Member of the Landtag of North Rhine-Westphalia
- In office 23 October 1953 – 12 July 1958
- Constituency: Party list (1953–1954); Bochum-Nordost [de] (1954–1958);

Member of the Bochum City Council
- In office 1946–?

Personal details
- Born: Erna Lohmann 6 March 1903 Harpen, Bochum, Kingdom of Prussia, German Empire
- Died: 3 September 1977 (aged 74) Bochum, North Rhine-Westphalia, West Germany
- Party: Social Democratic Party
- Spouse: Alfred Herchenröder

= Erna Herchenröder =

German trade unionist politician (1903–1977)
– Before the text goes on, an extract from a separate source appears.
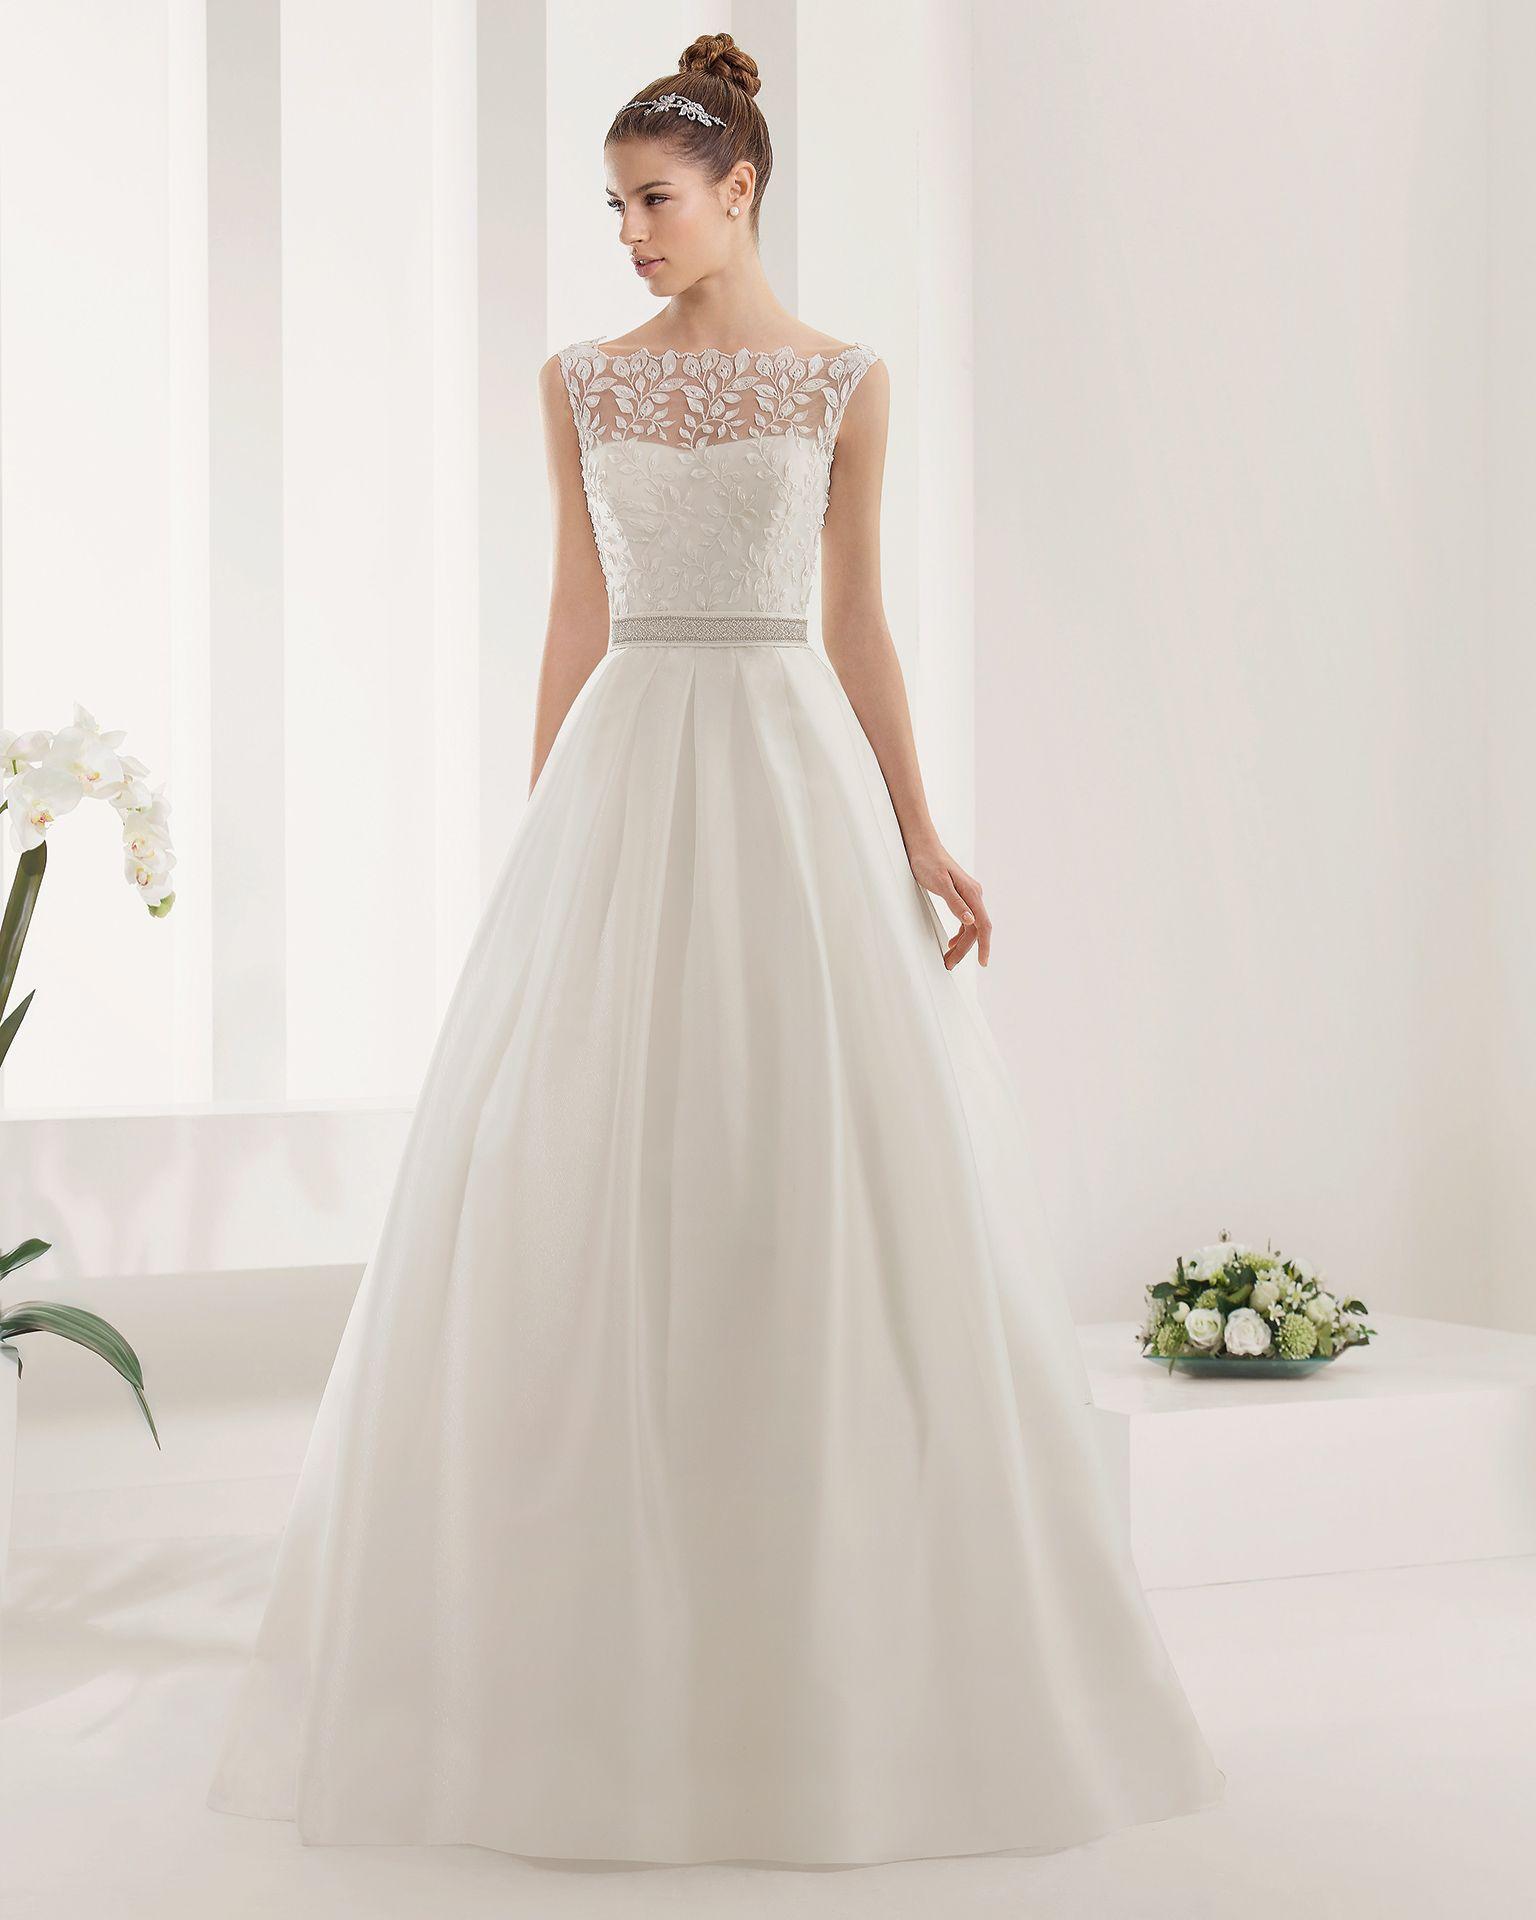 8B173 PICARO ALMA NOVIA Online wedding dress, Wedding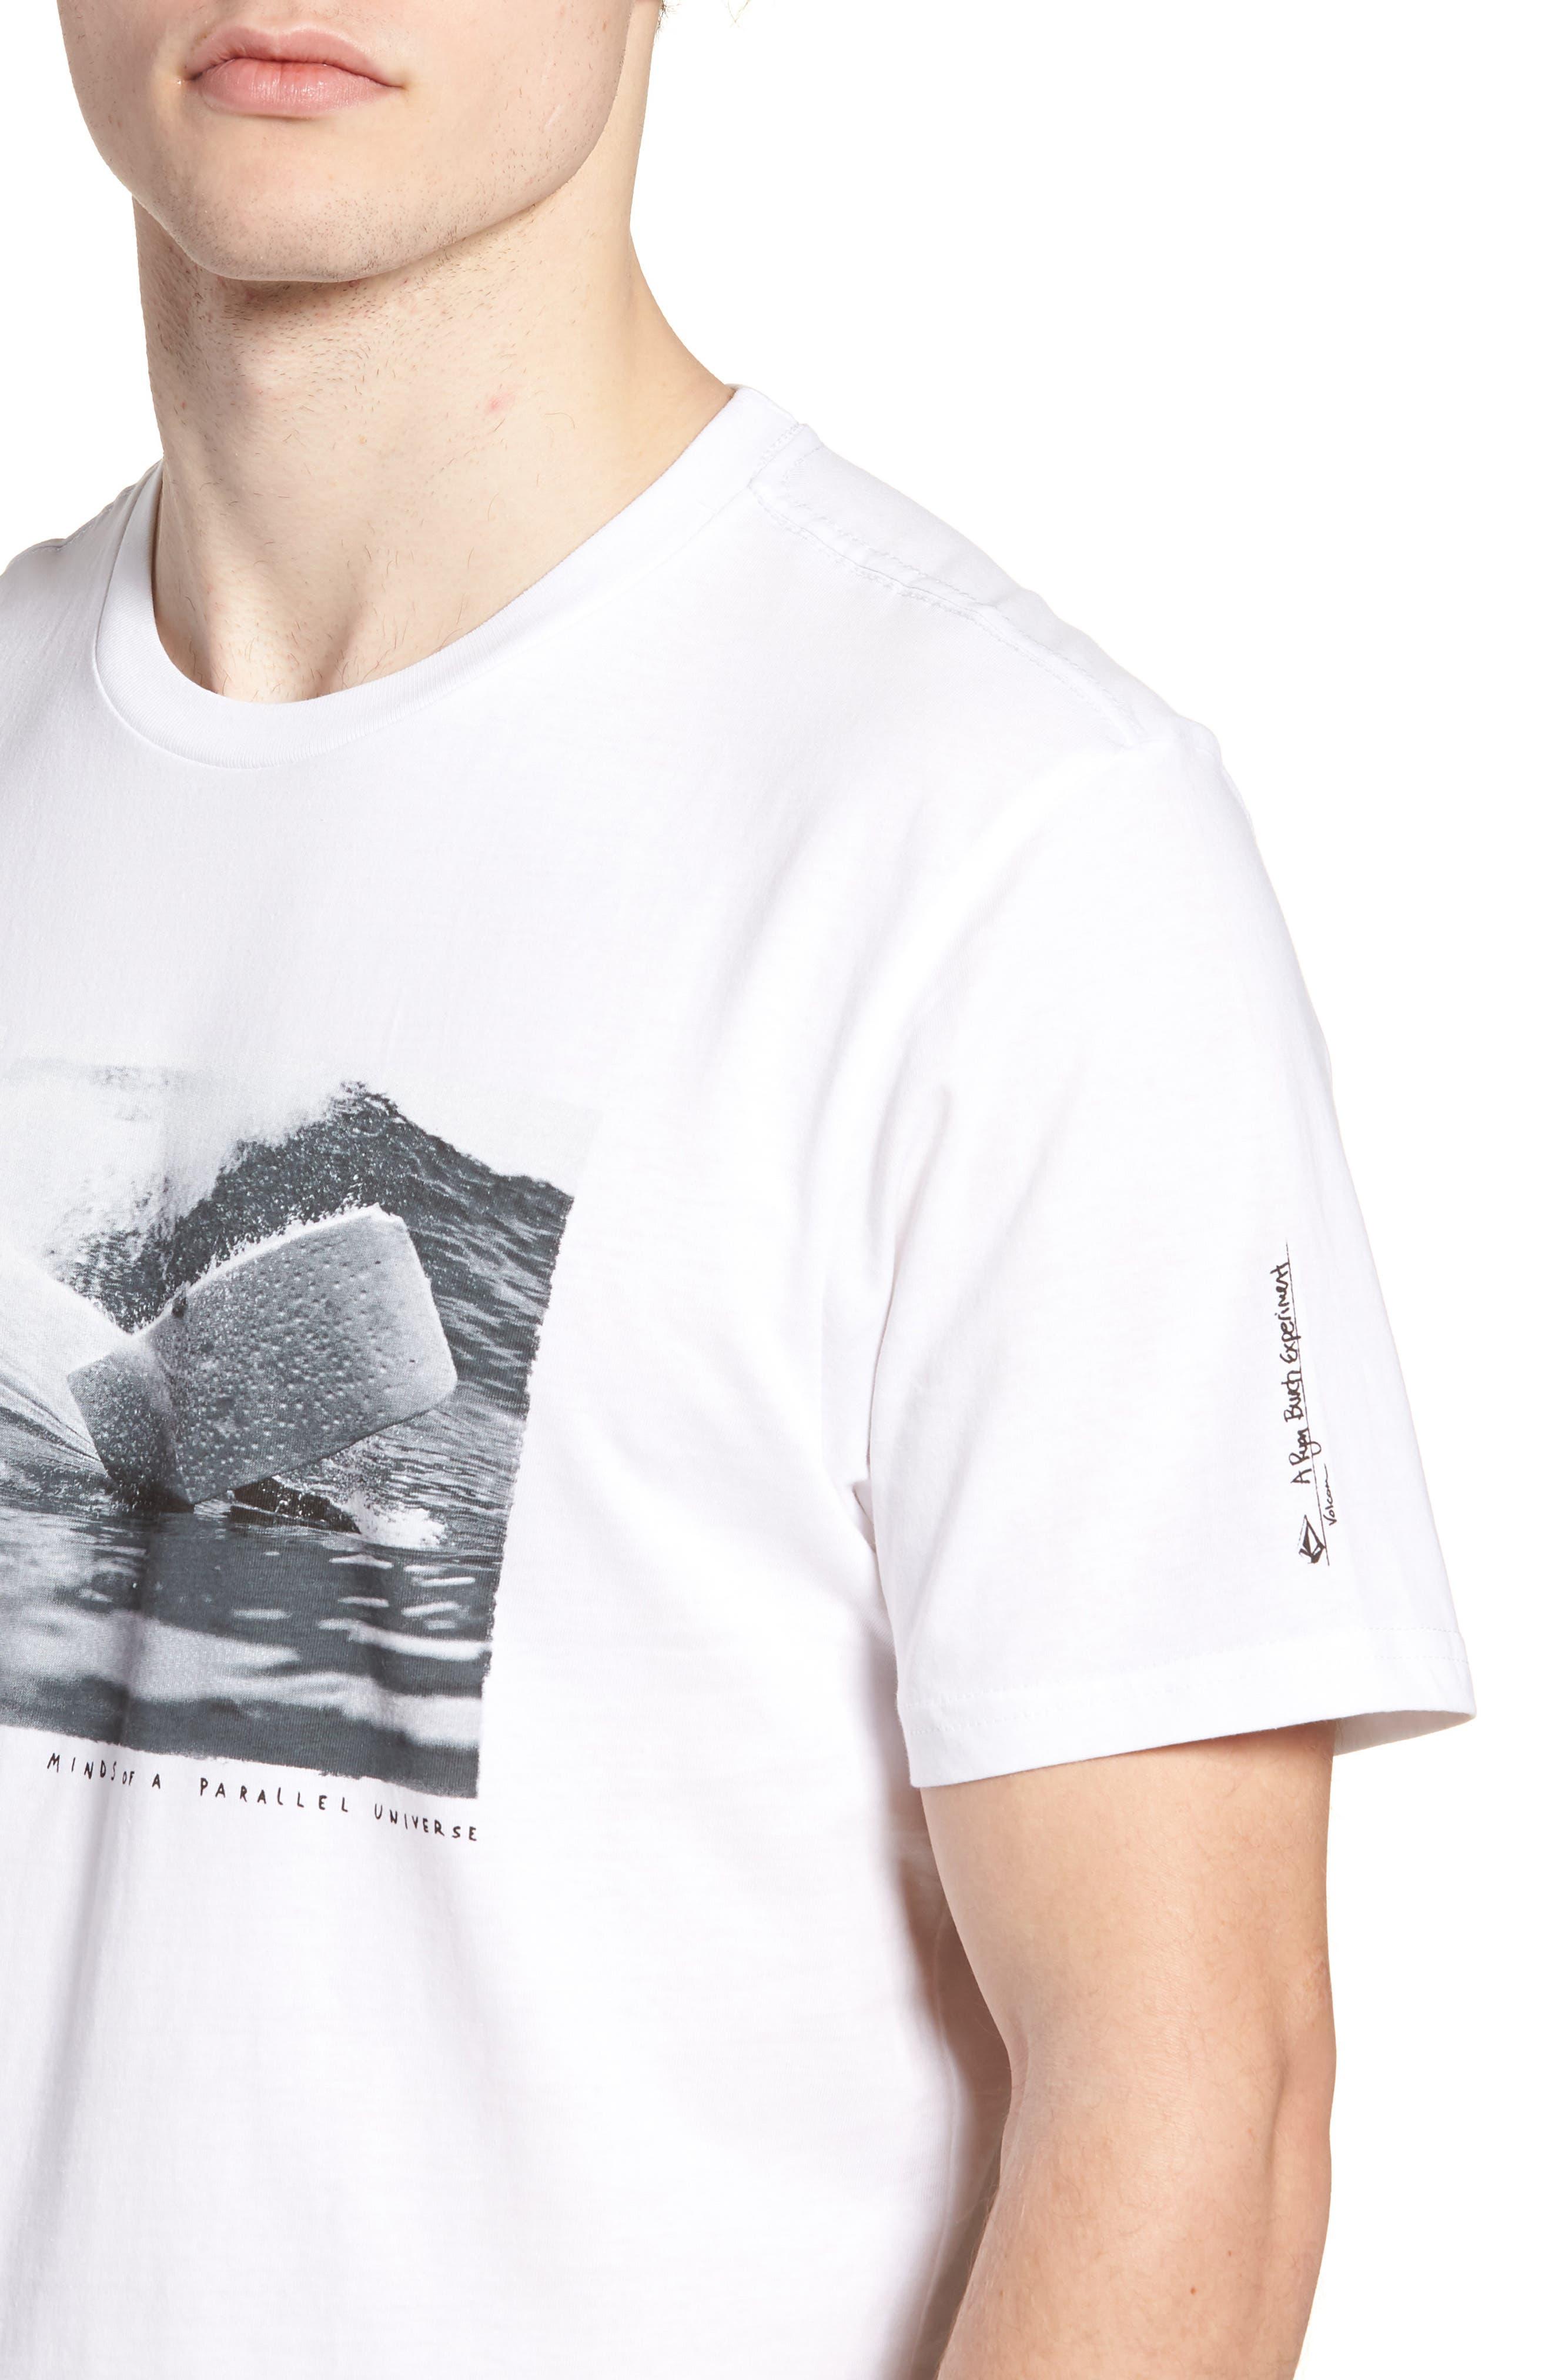 Burch Foam Graphic T-Shirt,                             Alternate thumbnail 4, color,                             White

Erna Herchenröder-Lohmann (6 March 1903 – 3 September 1977) was a German trade unionist and politician who served in the Landtag of North Rhine-Westphalia from 1953 until 1958. A member of the Social Democratic Party, she represented portions of Bochum.

== Biography ==
Erna Herchenröder-Lohmann was born on 6 March 1903 in the Harpen neighborhood of Bochum in Westphalia. She was educated at elementary and business school. From a young age, Herchenröder was active in trade unions as a member of the Socialist Workers' Youth (Sozialistische Arbeiter-Jugend) from 1918 until 1925. From 1919 until 1922, she was an accountant in the Union of Miners of Germany and was a member of the General Federation of Free Employees. When she worked as a clerical assistant for the Bochum city administration from 1923 until 1928, she was concurrently a member of the Reich Union of German Municipal Officials. She later became a housewife, and was the managing director of the Herchenröder Company from 1940 until 1942/3.

A member of the Social Democratic Party since 1921, Herchenröder was elected to the Bochum city council in 1946, receiving 4,910 votes. On 23 October 1953, the SPD appointed her to the Landtag of North Rhine-Westphalia, filling a vacant seat in the party's state list (landesliste). Herchenröder was elected for a full term in the 1954 North Rhine-Westphalia state election; standing in the Bochum-Nordost constituency, she received 49.3% of the vote (26,657 votes), a margin-of-victory of over 18%. While in the Landtag, she was a member of the social and women's policy committee. Herchenröder left office at the end of her term on 12 July 1958.

Herchenröder died in Bochum on 3 September 1977.